The era now represents classic chic, as evidenced at Paris fashion week – and just a few additions can unlock the potential of your existing wardrobe
There is a logical, mathematical explanation for why the 70s have been pronounced chic by Paris fashion week. The 90s are the new 70s, you see, and the 70s are the new 50s. It goes like this. When the 70s were the recent past, they were cringe-makingly close to home, and therefore easy to poke fun at. Now, the 90s are the relatively recent past – and so 90s revivalism has become fashion’s go-to gag. Chunky trainers, bucket hats, slip dresses, crop tops, hoodies: these are all played for laughs. The 70s, meanwhile, have slipped into rose-tinted memory, the embarrassing parts forgotten along the way. The decade is coming to stand for classic chic, in the way that the 50s previously did before being consigned to ancient history.
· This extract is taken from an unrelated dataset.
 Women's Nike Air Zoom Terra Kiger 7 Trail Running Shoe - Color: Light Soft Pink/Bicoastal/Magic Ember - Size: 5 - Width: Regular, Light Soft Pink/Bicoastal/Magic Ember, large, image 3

This 70s rehabilitation has been quietly happening for a little while. There is a look that radiates outward from the catwalks of Chloé and Isabel Marant into the audience, loyally repped at Paris fashion week by many French Vogue staffers. It centres on wide-legged white jeans or long pleated skirts, loose trench coats and chunky-heel burgundy boots, snake-effect saddle bags and long, shaggy hair. Forget purple loon pants. Forget hippy chic, forget John Travolta in Saturday Night Fever. This take on the 70s is part Charlie perfume ad, part Bianca Jagger in an Yves Saint Laurent trouser suit and part Boogie Nights. It is a tight slogan T-shirt, a good pair of aviator shades, a silk scarf, knotted at the throat. There is not a bell bottom or a hand-painted daisy in sight.